MzeroMiko / VMamba

VMamba: Visual State Space Models,code is based on mamba
MIT License
1.84k stars 100 forks source link

Three probs about VMamba #122

Open MDD-0928 opened 3 months ago

MDD-0928 commented 3 months ago

Dear authors:

  Thanks for your continuous work!!! I would like to consult you for three probs.

  First, I am so glad to see that you have updated the VMamba (VM) for higher **Throughput** by using "v4" & "LN2D"
          And I have tested the latest version of VM compared with ViT/B16 (ViT) on **Throughput**
           I found that the VM-Ting is much faster than ViT, which has a 1.5~1.7x Throughput compared with ViT.
           But it is a pity that VM-Small is a little bit slower than ViT, 
           and VM-Base is much slower than ViT by nearly 35%~40%
           So, is there any other possibility to fasten your VMamba , further improve the Throughput and make it a Truely high-accuracy & 
   high-throughput foundation model for  CV tasks ? It will be awesome 👍 

1

  Second, would you like to test your model's accuracy on Imagenet1k after pretrained on Imagenet21k and released the ckpt ? :)

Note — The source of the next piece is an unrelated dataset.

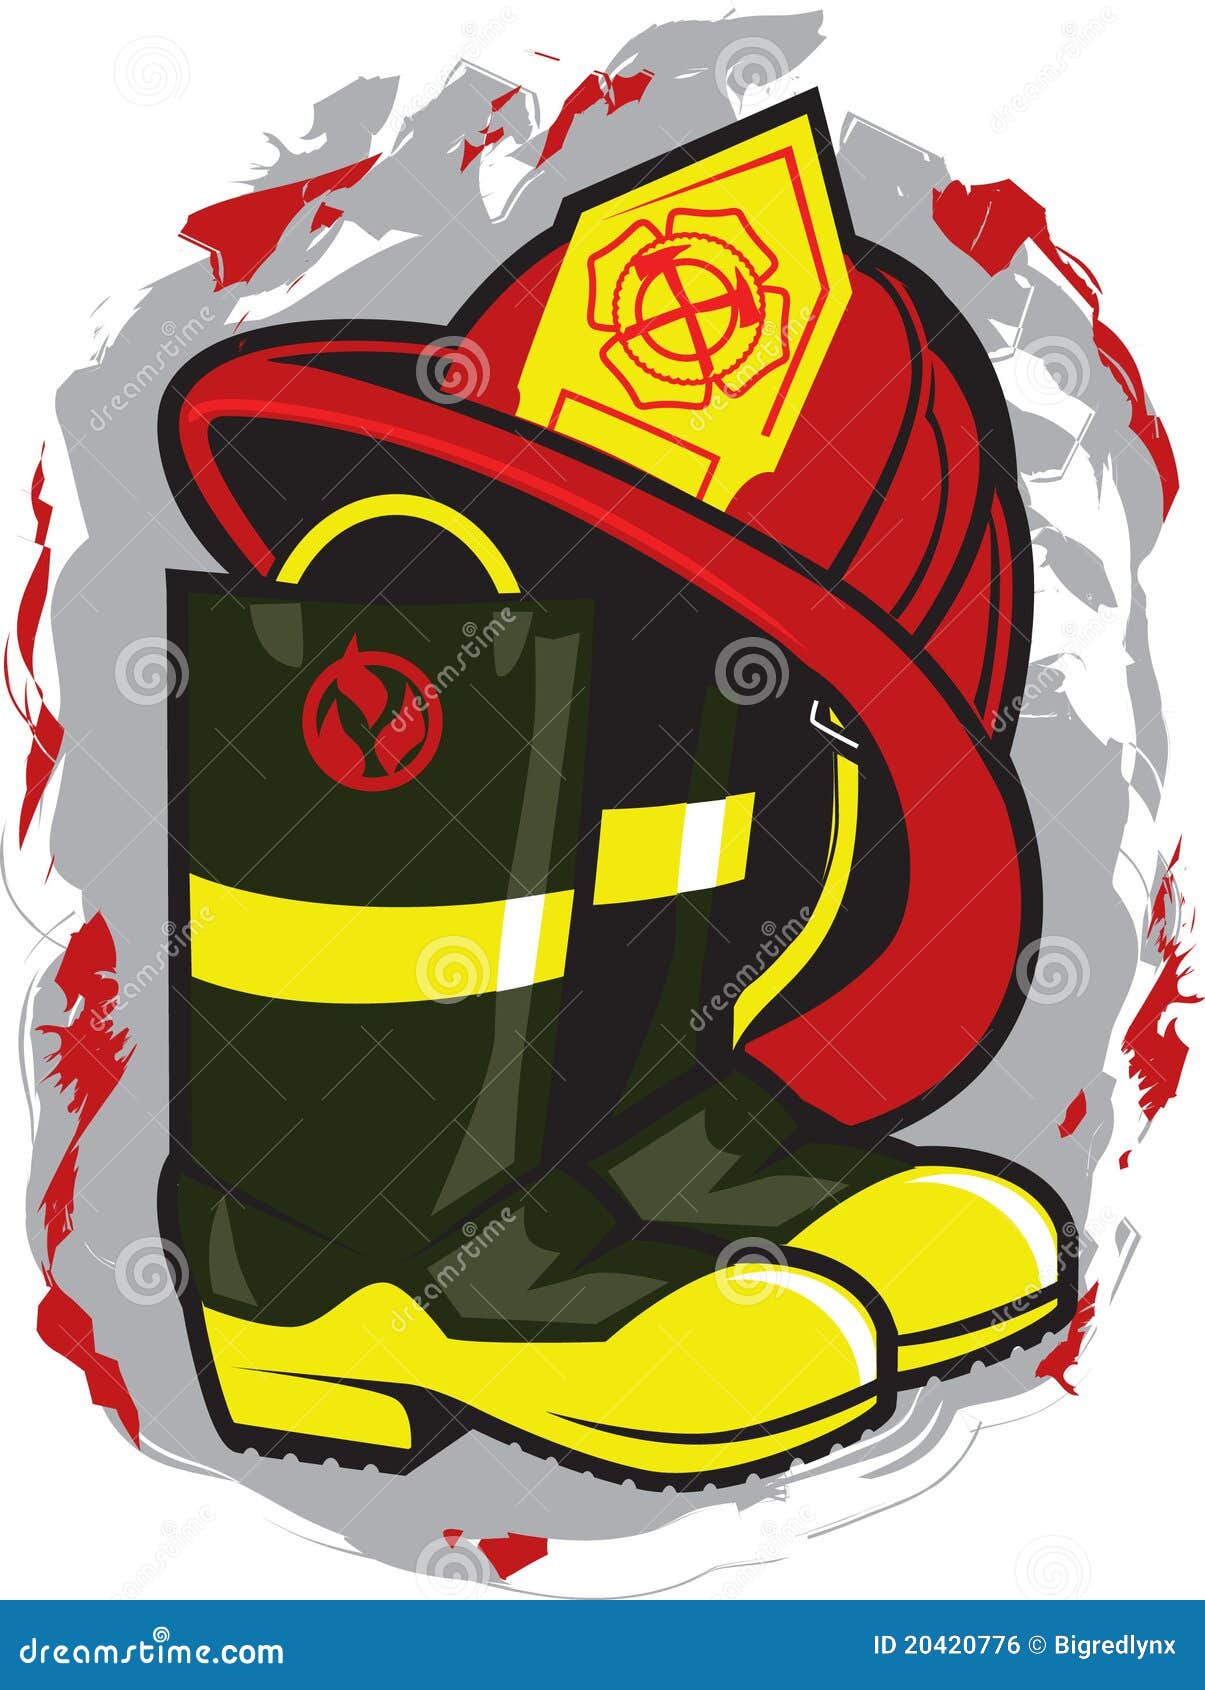 Fireman Hat and Boots stock vector. Illustration of helmet - 20420776

  Third, since Mamba is more capable of Long Sequence,  I wonder that whether increasing the EMBED_DIM will boost the performance while incuring minor impact on throughput, e.g. increase the VM-Tiny's EMBED_DIM from 96 to 128 ? 
MzeroMiko commented 3 months ago
  1. The hierarchical structure is slower than vit for sure, but we do have comparable throughput with swin in torch2. We are still working on the way trying to make the model faster.

  2. We have no plan pretraining on imagenet21k now due to the limited resources, we may do it in the future.

  3. To be honest, hard to say. Raising the dimension nearly equals raising the batchsize in this implementation of selective scan, and it is not related to the seqlen. Also, change the embed dim may raise the performance though, it seems tricky.